The Novation Impulse has the edge here – it has the fader control which can be useful and the knobs on the Impulse are infinite-rotation, meaning when you change performances in a software like Mainstage, the knobs automatically adjust to your settings, rather than you needing to reset them manually yourself between songs. Furthermore, although the Akai keys are semi-weighted and full size, they don’t have the ability to support after touch functionality and the keyboard is far less sensitive to the nuances of performance as the Novation.
The Akia MPK 225 is much closer to the features and functionality of the Novation Impulse 25. The knobs are infinite rotation and the keyboard much more advanced in terms of how it responds to the musician playing it and it supports those all-important after touch functions that you didn’t realize you needed until they were available to experiment with!

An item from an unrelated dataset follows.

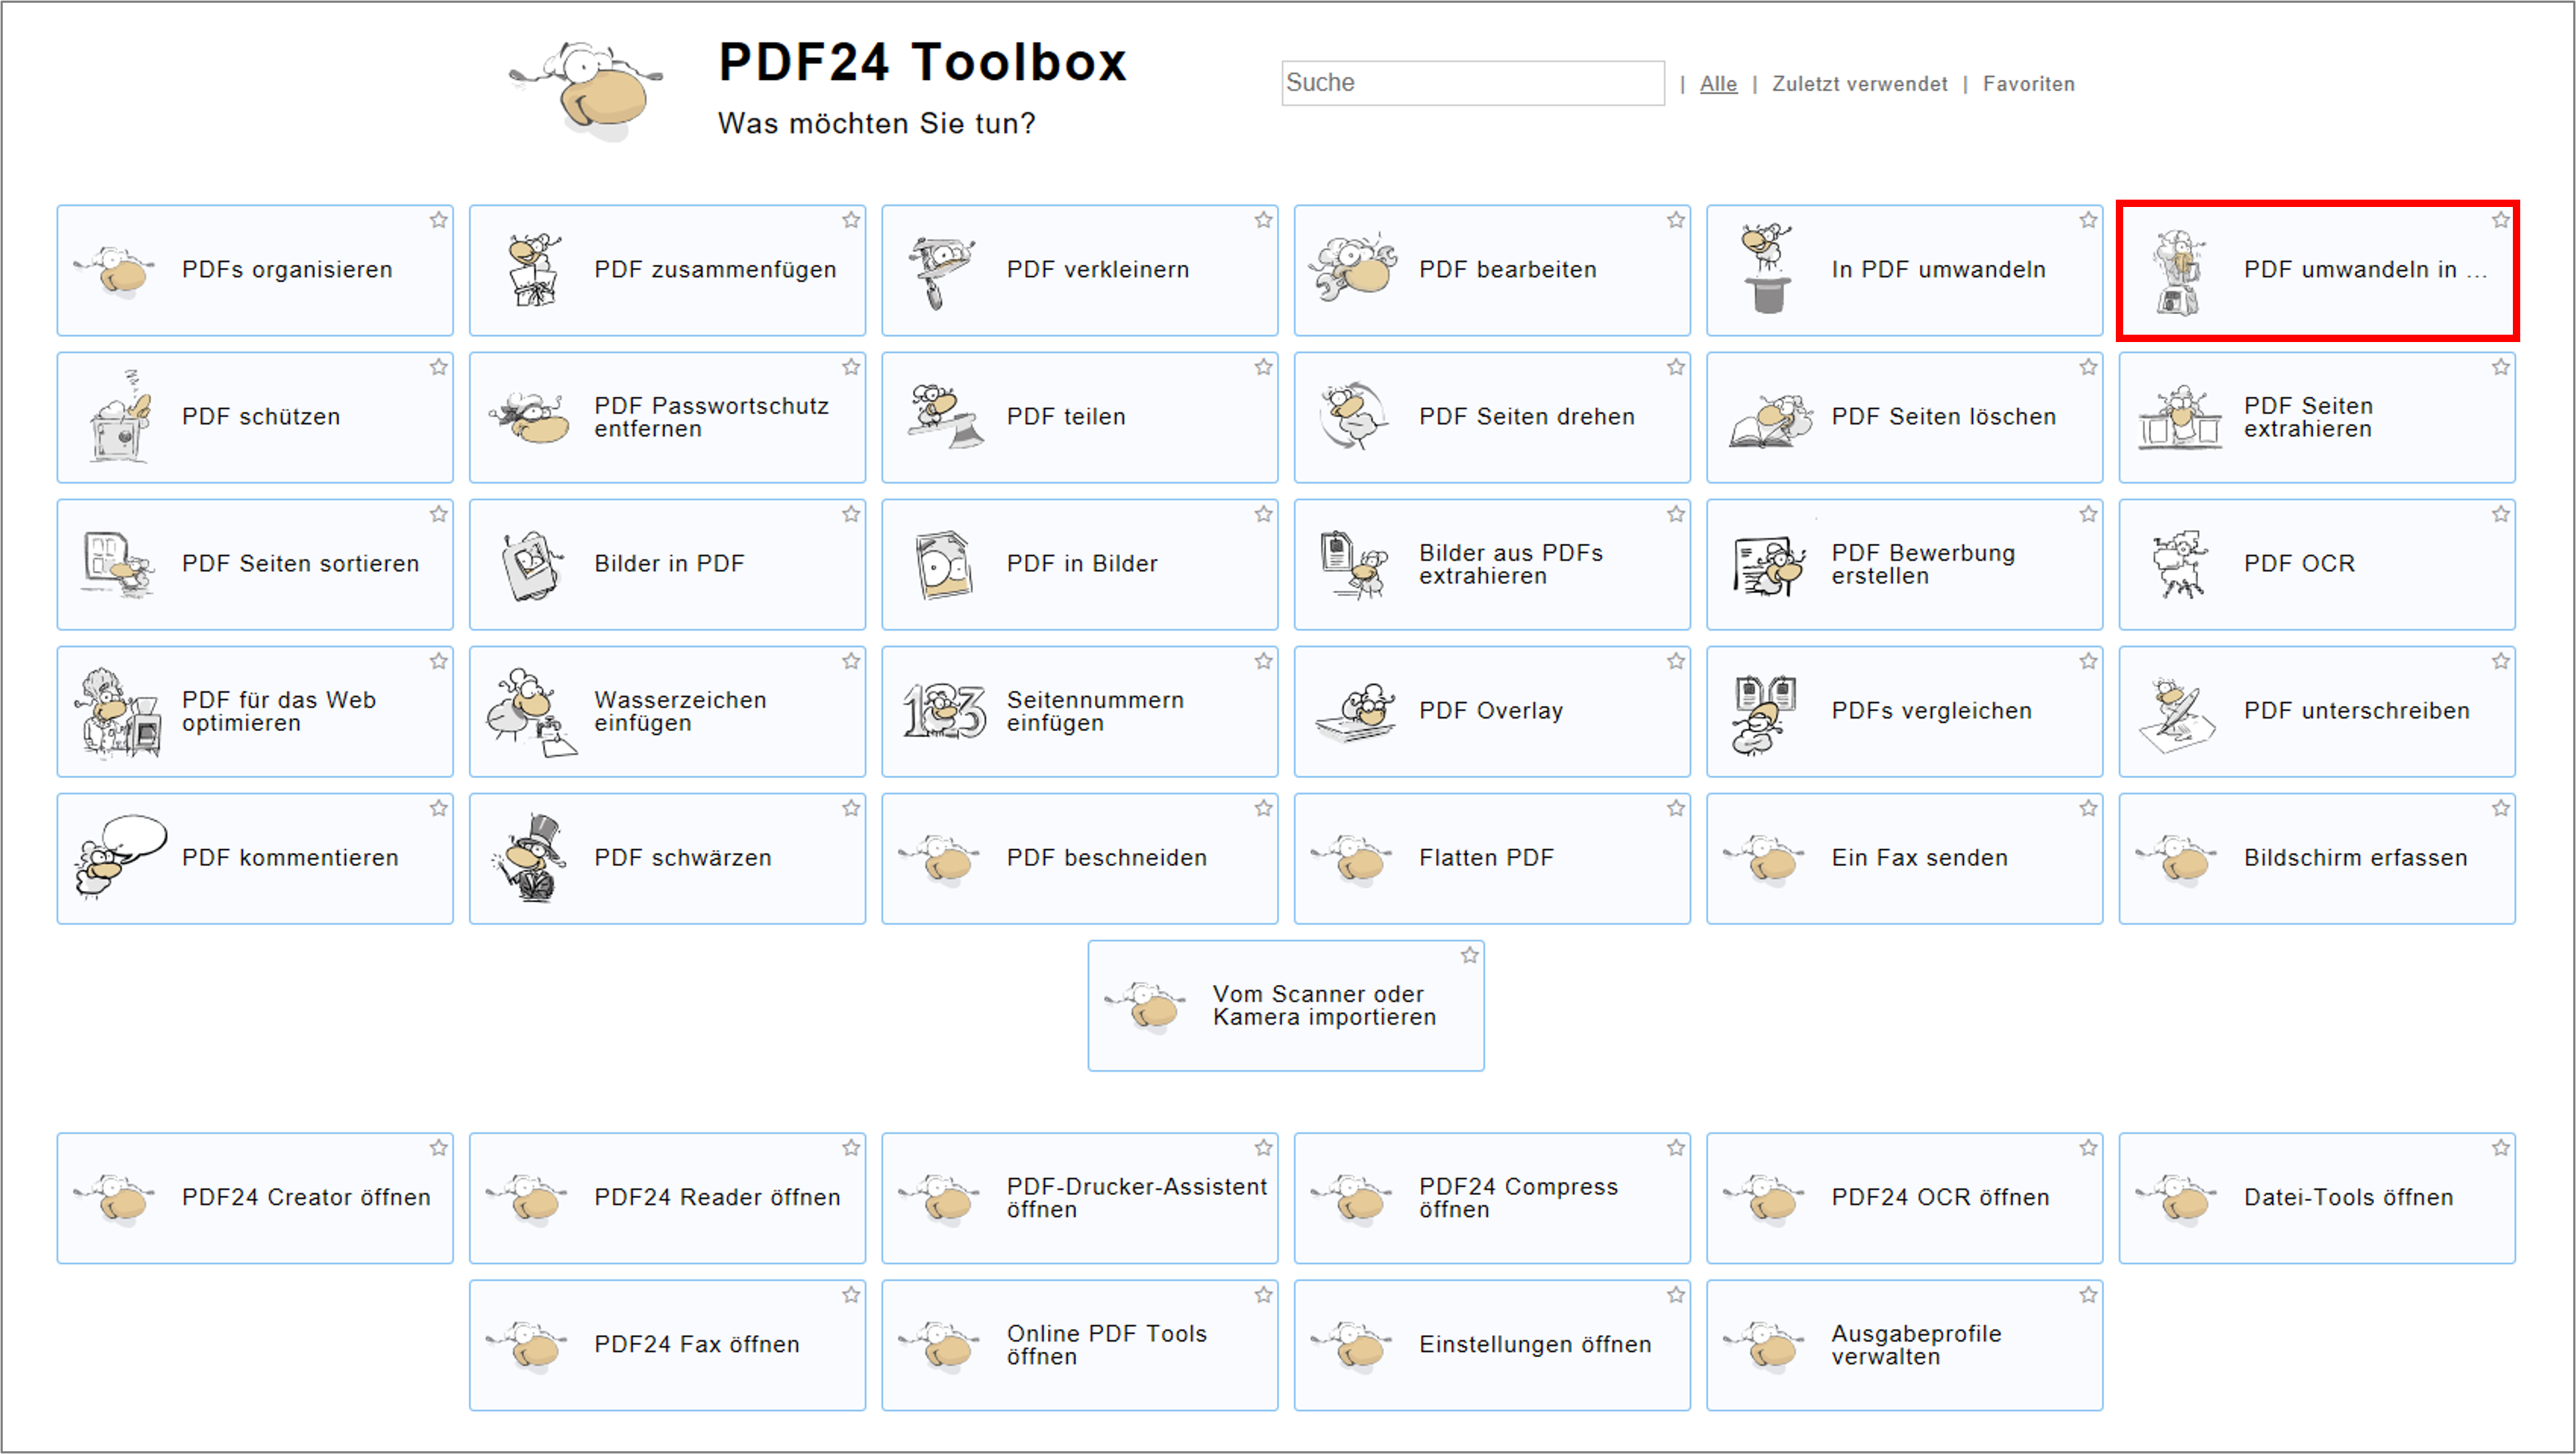 Die App PDF24 Creator bietet mehrere Möglichkeiten der Bearbeitung von PDF. Unter "PDF umwandeln in..." kann man ein PDF umwandeln.

And in some ways the MPK 225 is more advanced than the Impulse – particularly when it comes to the software. The Akai MPC software is really advanced – it’s a cutting-edge production suite combining 128-track sequencing capability, real-time time stretching, clip- launch functionality, advanced MIDI editing capability, VST compatibility in controller mode, operation as a standalone application on Mac & PC, advanced sampling & audio editing/recording functionality, seamless DAW integration, a redesigned GUI, and Ableton Link Compatibility.
Having said that, the whole software package and the advanced hardware probably still gives the Novation Impulse 25 the advantage. Although the Akai MPC software is pretty powerful, the key thing is integration with the major DAWs that producers are using in their studio and Novation have really done well to make sure that Ableton, Pro-Tools, Logic and Cubase are well represented with seamless functionality that doesn’t need any configuration to work.
The Novation Impulse 25 USB MIDI controller keyboard is a super advanced bit of tech and we would recommend it for a lot of different use cases. At around £150 GBP / £200 US, it is really competitively priced – in fact, the software that is included in the bundle is probably worth more than that on its own. But beyond the cost and software, the keyboard itself is really functional. As we outlined above, Novation have worked really hard to make sure that the device captures the full spectrum of a performance and that allows you to create some really incredible sounds for your performances or recordings.
One thing to highlight is the size and portability vs the functionality. If you are performing live, it can be tempting to opt for the 25 note option because it is so compact and lightweight. However, the 61 and 49 key versions of the Novation Impulse not only have more faders that you can play with and assign, but they also have more than two octaves for you to play. For those musicians who create pieces of work where you layer your sounds, adding rhythm, bass, harmony and melody separately, this is probably not an issue.
You have the Octave Up and Octave Down buttons on the device so you can easily add in low and high parts – it’s just that doing both low and high simultaneously could be a slight challenge live. In a recording studio environment, it’s no problem to work on the bass and treble parts separately – however, if you want to be able to play full keys parts – having the ability to play across more octaves and having the additional 8 Faders at your fingertips might prove to be useful.
If you are looking for something to work on for a portable studio or small space or even something to allow you to put together performances with a software like Ableton Live or Mainstage – this is a fantastic product at a great price.